Appeal from Circuit Court, Jackson County; Marion D. Waltner, Judge.

"Not to be published in State Reports."

Action by Charley E. Maxwell against J. M. Kurn and another, receivers, managers and trustees of the St. Louis San Francisco Railway Company, under the Federal Employers' Liability Act, §§ 1 to 9, 45 U.S.C.A. §§ 51 to 59, to recover for personal injuries sustained by the plaintiff. From a judgment in favor of the plaintiff, the defendants appeal.

Affirmed, and cause certified to the Supreme Court.

Milligan, Kimberly & Deacy, of Kansas City, for appellants.

Clarence C. Chilcott and T. W. Imes, both of Kansas City, for respondent.

BLAND, Judge.

This is an action for damages for personal injuries brought under the Federal Employers' Liability Act, 45 U.S.C.A. §§ 51-59. There was a verdict and judgment in favor of plaintiff in the sum of $4,465.50. Defendants have appealed.

The facts show that plaintiff was injured on October 11, 1934, while employed by defendants in the unloading of coal from cars at a coal chute maintained by defendants in the town of Thayer, in this state. The coal chute was for the purpose of supplying defendants' engines with coal. The coal was unloaded from hopper-bottom cars into a pit located under the rails of a switch track, known as the coal chute switch. The hopper-bottom cars, loaded with coal, were placed over the pit and when the bottoms were opened the coal would fall into it. Thence the coal was conveyed, by an electric automatic conveyor, to the tipple or main part of the chute, from which the engines were coaled.

Plaintiff reported for work on the morning of his injury. When he reached the coal chute switch, a car, which he had partly unloaded the night before, was standing over the pit. To the north of this car there were two other cars loaded with coal. Plaintiff finished unloading the car which was over the pit. Thereafter plaintiff and one Phillips, a roundhouse foreman of defendants, started to move the empty car from over the pit and to draw the two loaded cars, which were north of the pit, toward the south so that the contents of the loaded cars could be dropped into the pit. To the south of the pit there was located an electric winch or drum for the purpose of moving cars. In operating the winch or drum a rope was attached to the end of the cars to be moved and the other end of the rope was wound around the drum.
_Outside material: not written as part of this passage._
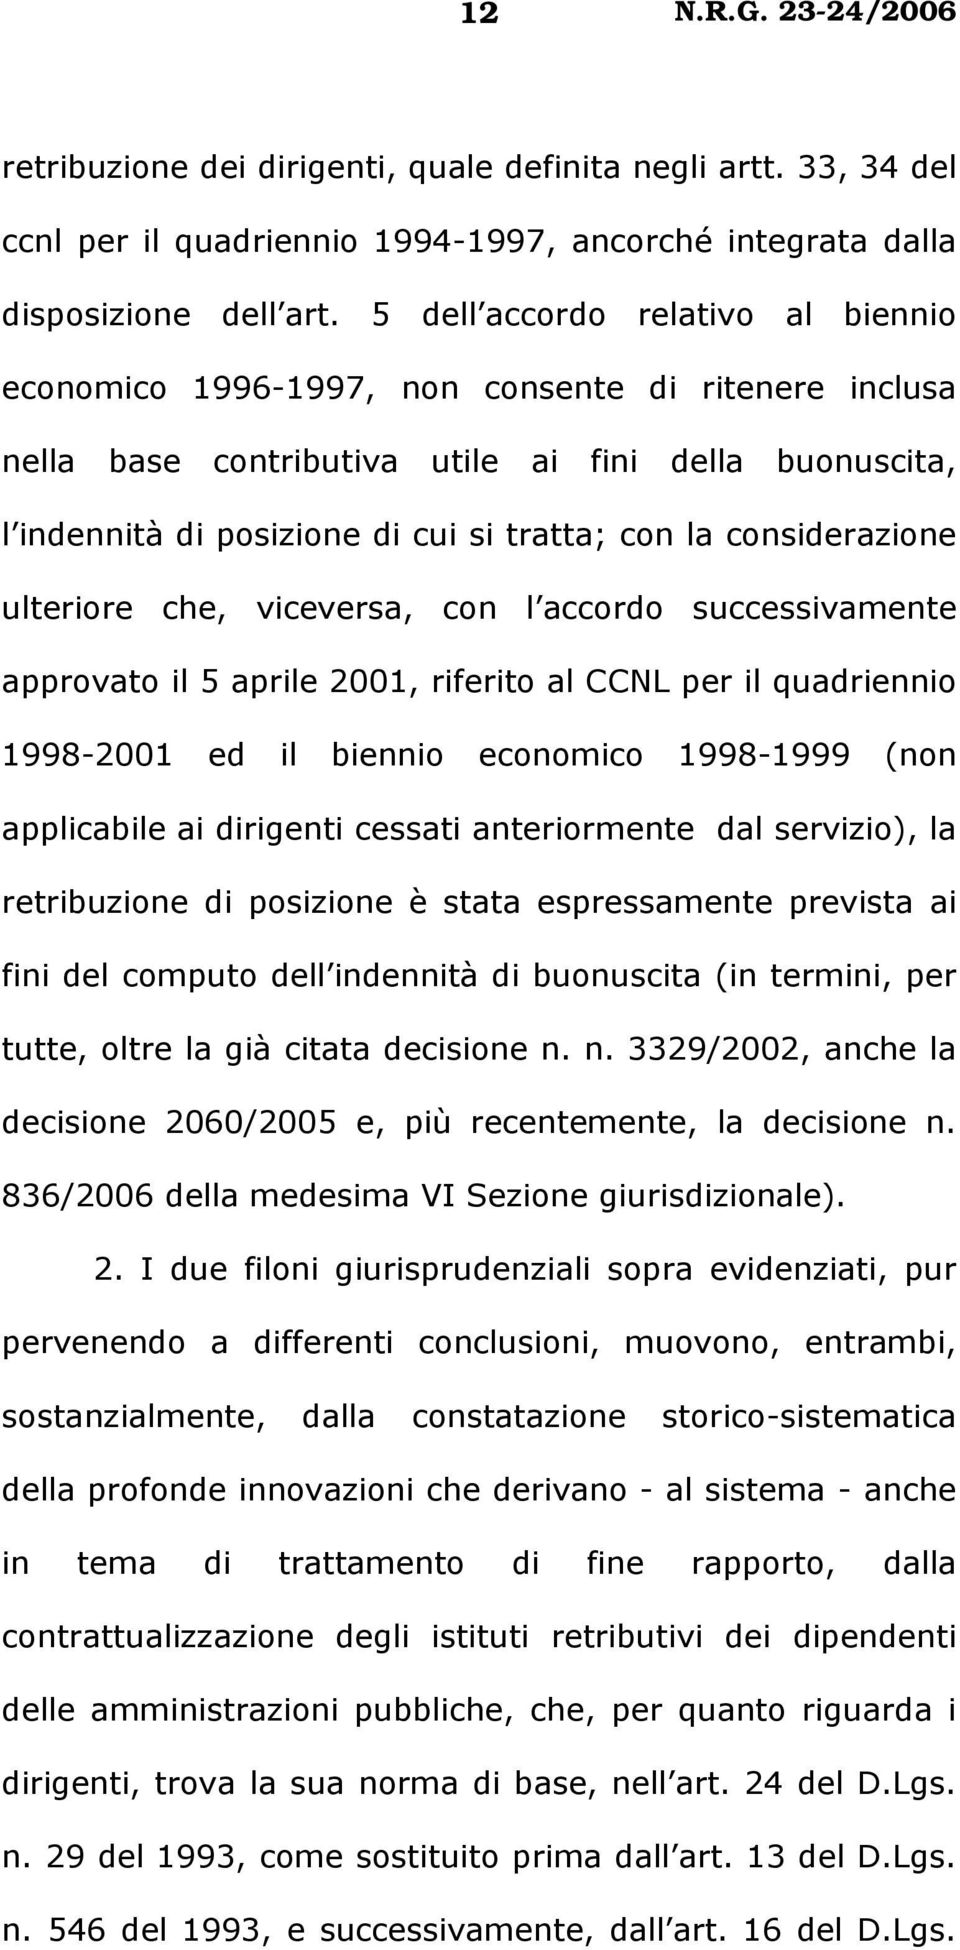 considerazione ulteriore che, viceversa, con l accordo successivamente approvato il 5 aprile 2001, riferito al CCNL per il quadriennio 1998-2001 ed il biennio economico 1998-1999 (non applicabile ai

The electric current was then turned on and as the drum revolved it caused the rope to tighten and to move the car toward the south.

At the time plaintiff was injured he had attached one end of the rope or cable to the north end of the second loaded car and Phillips, who was at the drum, wrapped the south end of the rope around the drum and started to move the two loaded cars and the empty car toward the south. Plaintiff, during this operation, was standing on the east side of the track at a point about three feet north of the north end of the pit. When the first loaded car was about half way over the pit Phillips told plaintiff to "get the brakes". At this time plaintiff was standing east of the rope. When the rope was stretched in the operation of pulling the cars it was waist high. After Phillips told plaintiff to "get the brakes," the rope slackened down to about eighteen inches, and thereafter plaintiff started to board the first loaded car in order to apply the brakes. He stepped over the rope with his left foot, put it on the stirrup and caught the handhold of the car, and as he was drawing his right foot over the rope, the latter came up and tripped him, jerking his hand loose from the handhold and throwing his right foot onto the rail. The wheels of one of the cars passed over plaintiff's right foot and so injured it that it was necessary to amputate the foot and a portion of plaintiff's right leg.

Plaintiff's evidence tends to show that the coal chute held about 200 tons; that he placed from one to three cars of coal into it each day; that about 100 to 150 tons of coal per day were fed to the engines out of the chute; that the capacity of the hopper-bottom cars was from 50 to 55 tons; that it was customary to unload the oldest car first, that is, the one that had been in the yards the longest; that this was done "to avoid delay to the cars"; that the coal chute switch held six cars; that there was an average of six to eight cars waiting to be unloaded and it was the intention to keep five days' supply of coal on hand; that an average of two cars of coal were used each day for coaling the engines.

Plaintiff's witness, Magers, testified that a part of the supply of coal kept on hand in cars was in such cars standing on storage tracks 7 and 9. The evidence shows that defendants have 10 tracks in their yards at Thayer, 6, 7 and 9 being referred to in defendants' testimony as "storage" tracks.

There was other testimony that only engine coal was unloaded at the chute; that the cars were transferred to the chute at night; that as to the cars waiting to be unloaded, "they would just keep them all over the yards; all over the switches"; that you would "sometimes find them on the storage tracks; sometimes on some other tracks." There was other testimony that defendants' tracks at Thayer were "all live tracks"; that at times trains were broken up on tracks 6, 7 and 9.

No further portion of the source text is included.